● Exercise details:
Please copy, with no word changed, only the run of lines that opens with the line containing "Abmessungen: S. 57 x 37 cm" and closes with the last line below.

● Records from a data source:
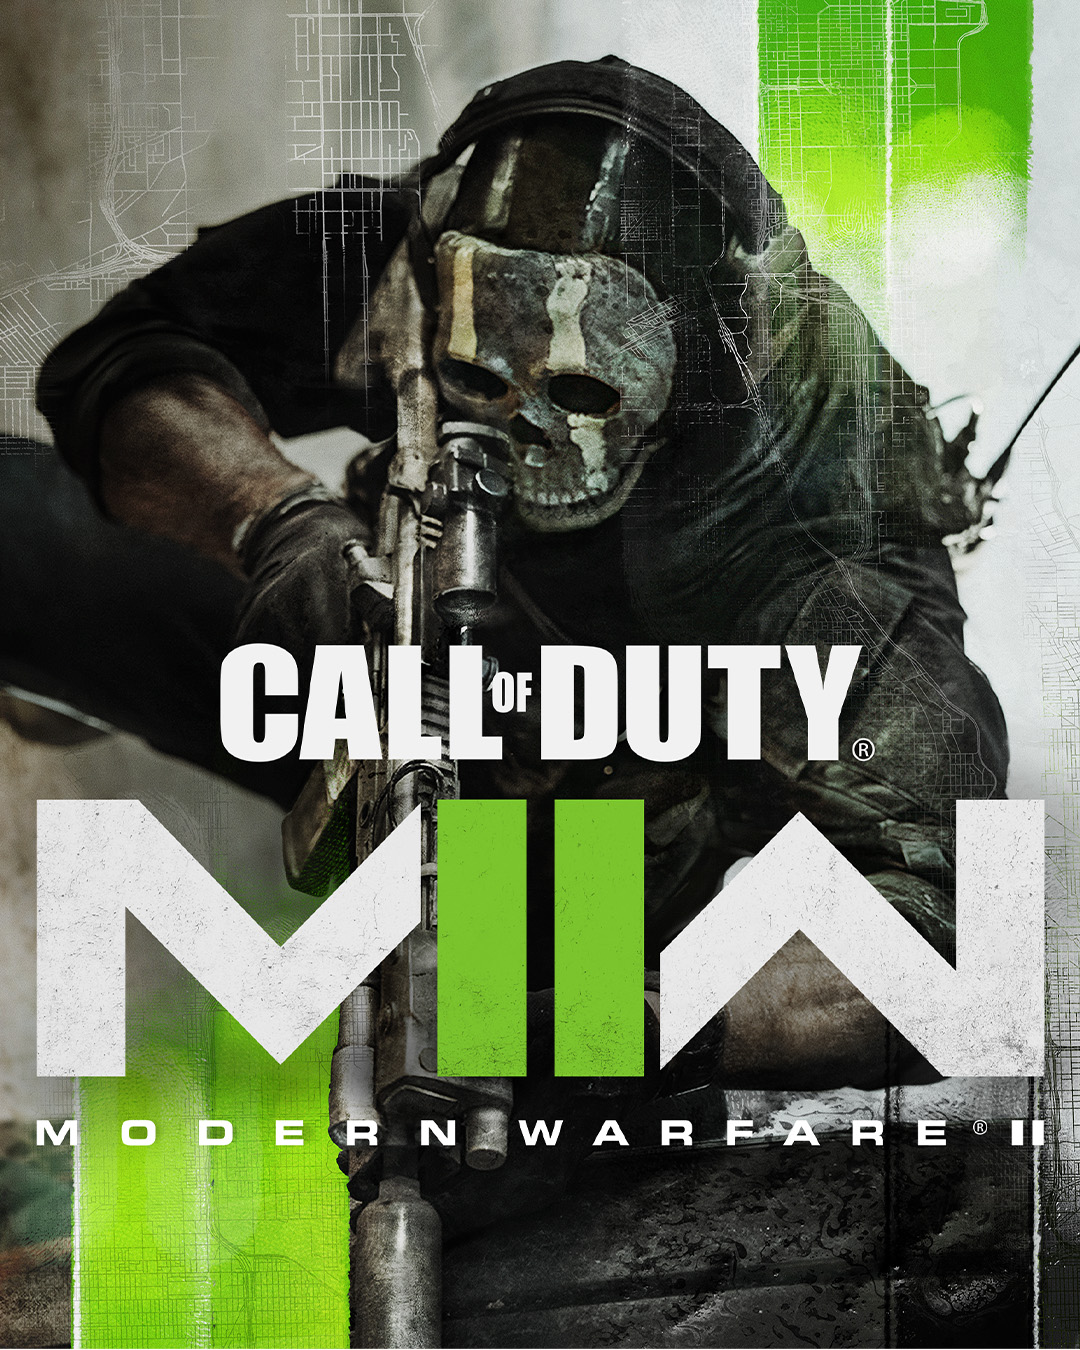 Call of Duty Modern Warfare 2 gets a release date alongside new
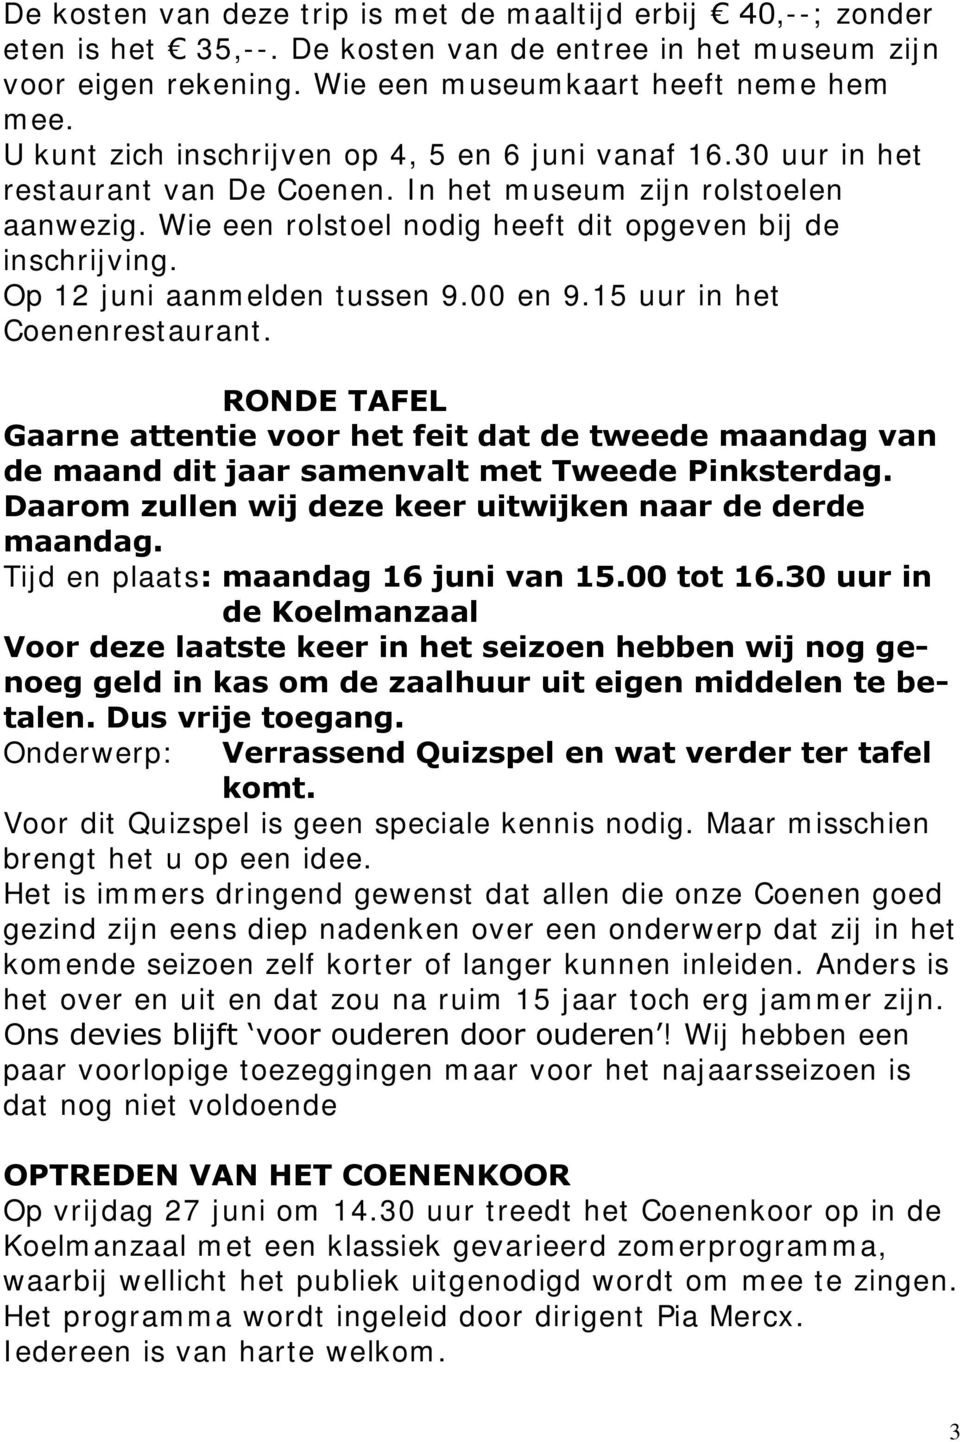 Op 12 juni aanmelden tussen 9.00 en 9.15 uur in het Coenenrestaurant. RONDE TAFEL Gaarne attentie voor het feit dat de tweede maandag van de maand dit jaar samenvalt met Tweede Pinksterdag.
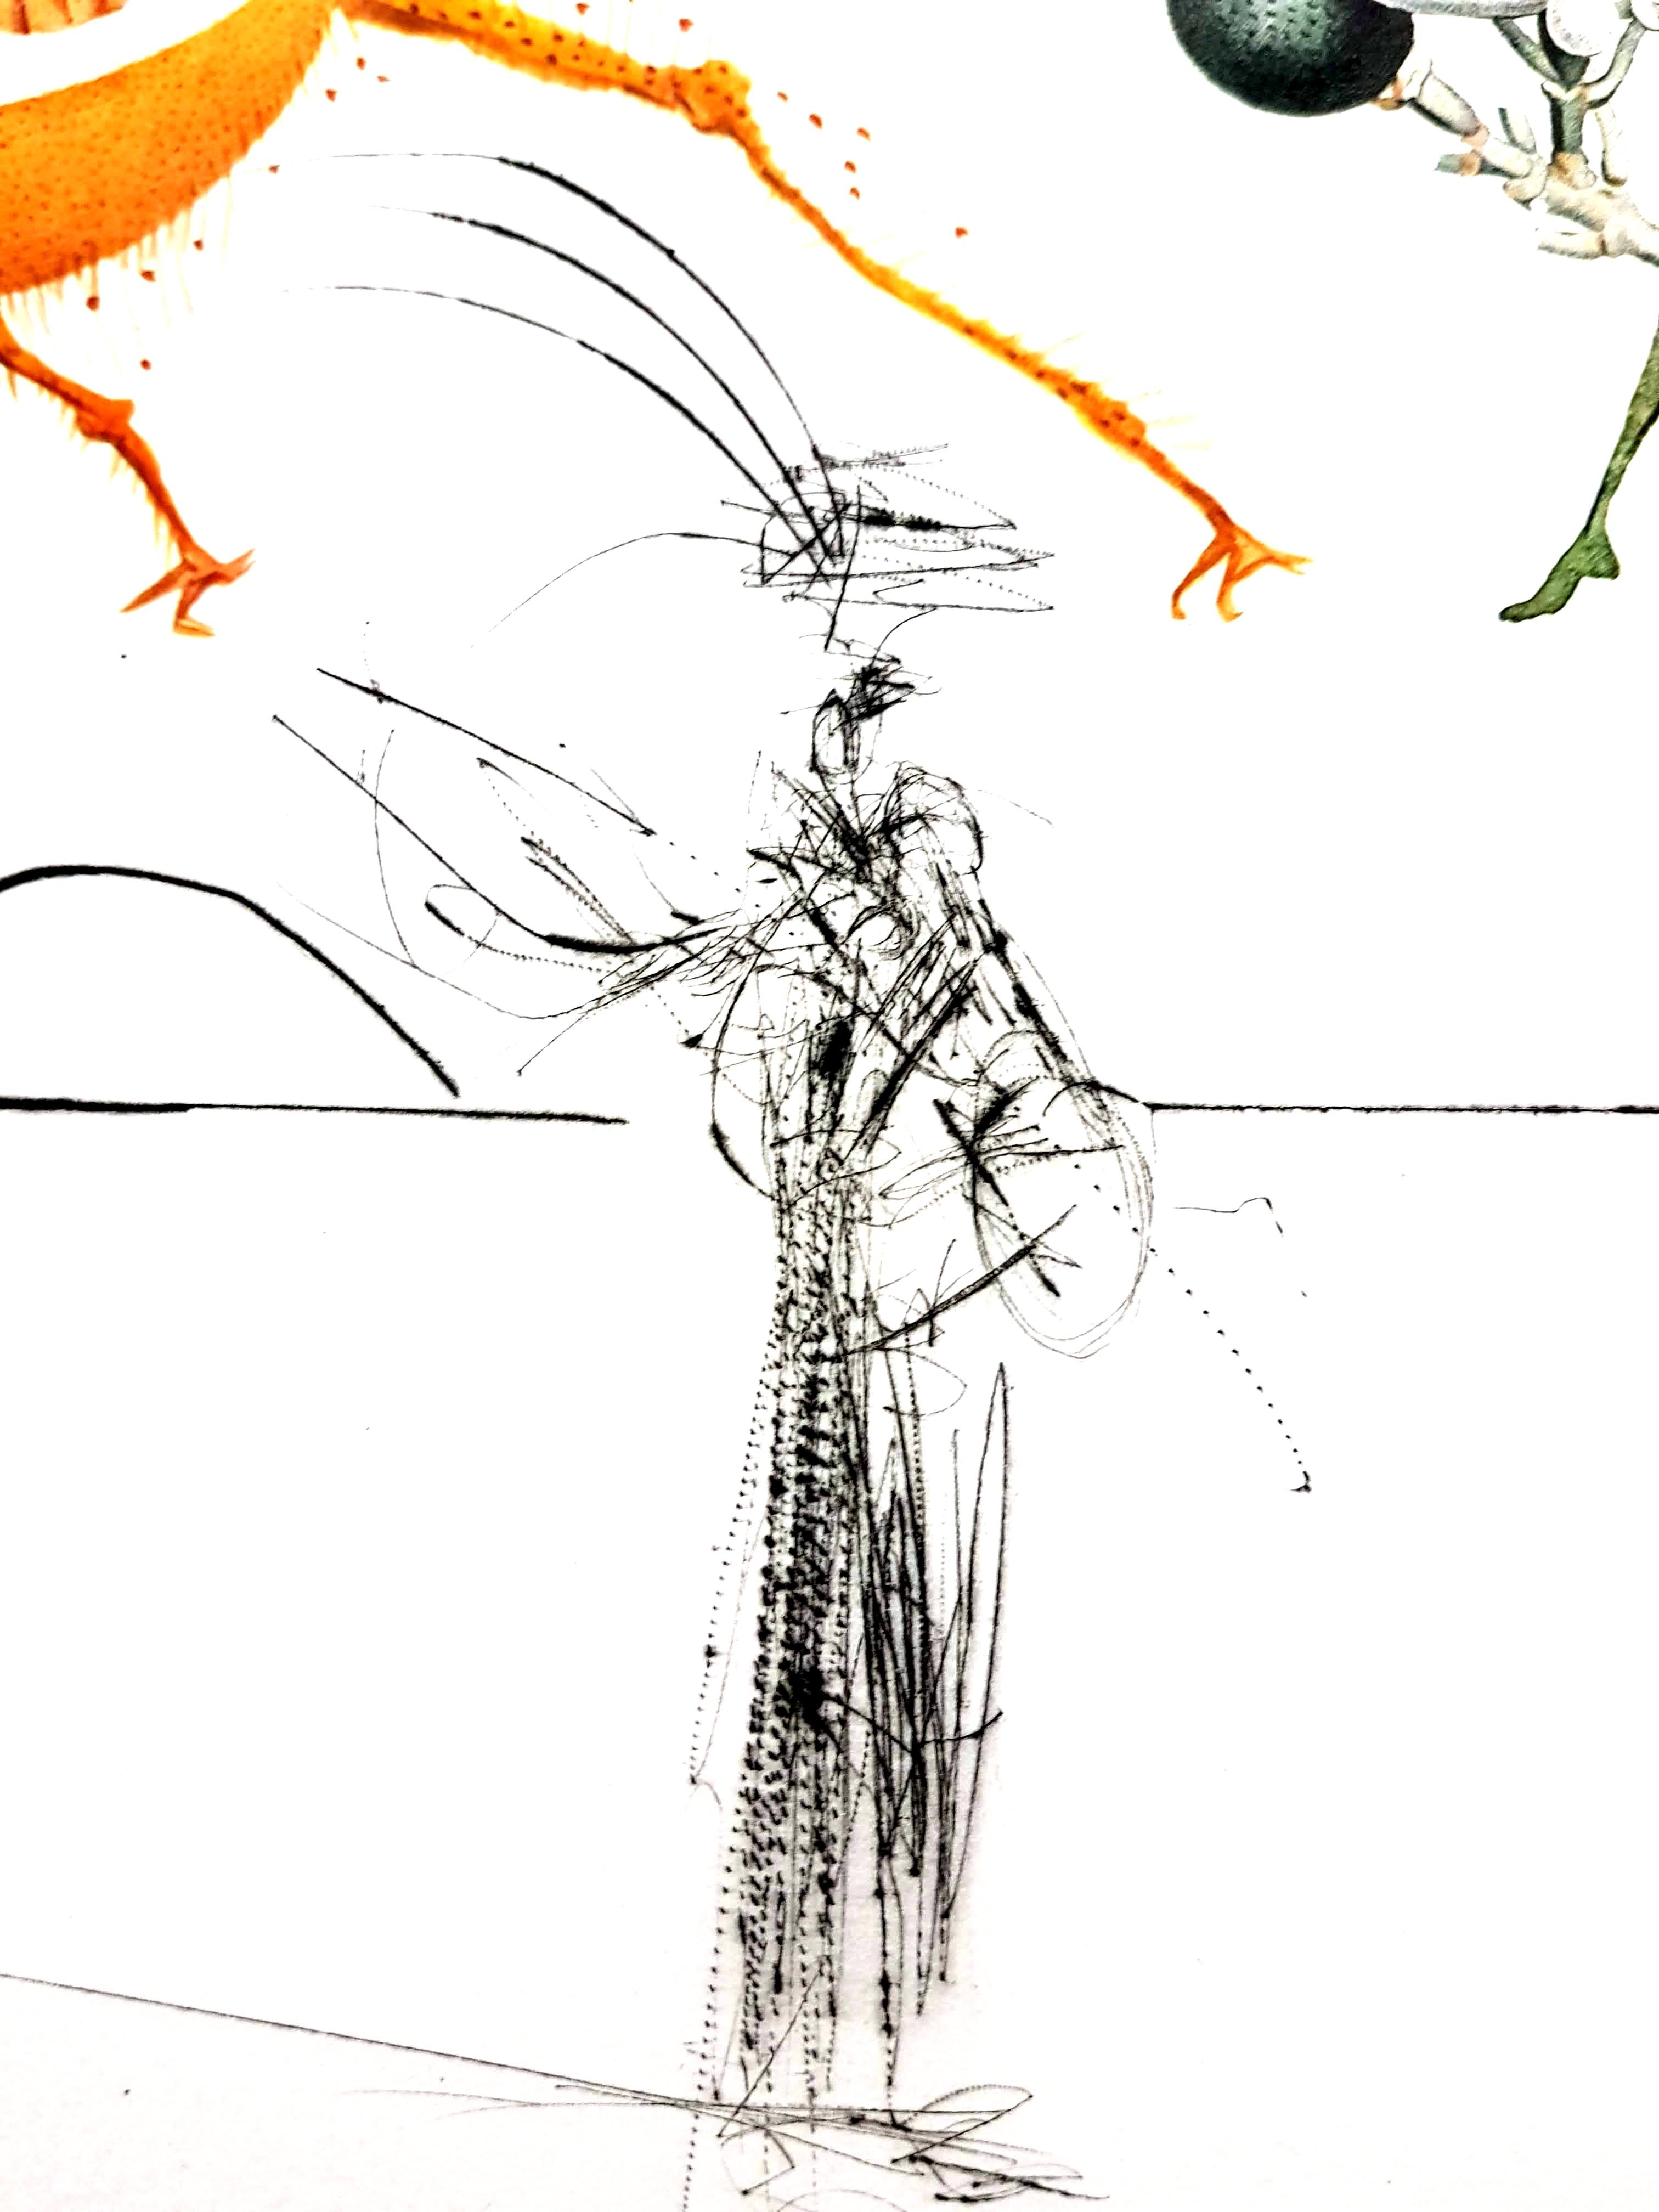 Salvador Dali - Erotische Pampelmuse - Original handsignierte Lithographie
1969
Abmessungen: S. 57 x 37 cm
Blatt: 75 x 56 cm 
Handsigniert, EA (Epreuve d'Artiste)
Ausgezeichneter Condit
Referenz: Feld 69-11 (Seite 54)

● Task answer:
Abmessungen: S. 57 x 37 cm
Blatt: 75 x 56 cm 
Handsigniert, EA (Epreuve d'Artiste)
Ausgezeichneter Condit
Referenz: Feld 69-11 (Seite 54)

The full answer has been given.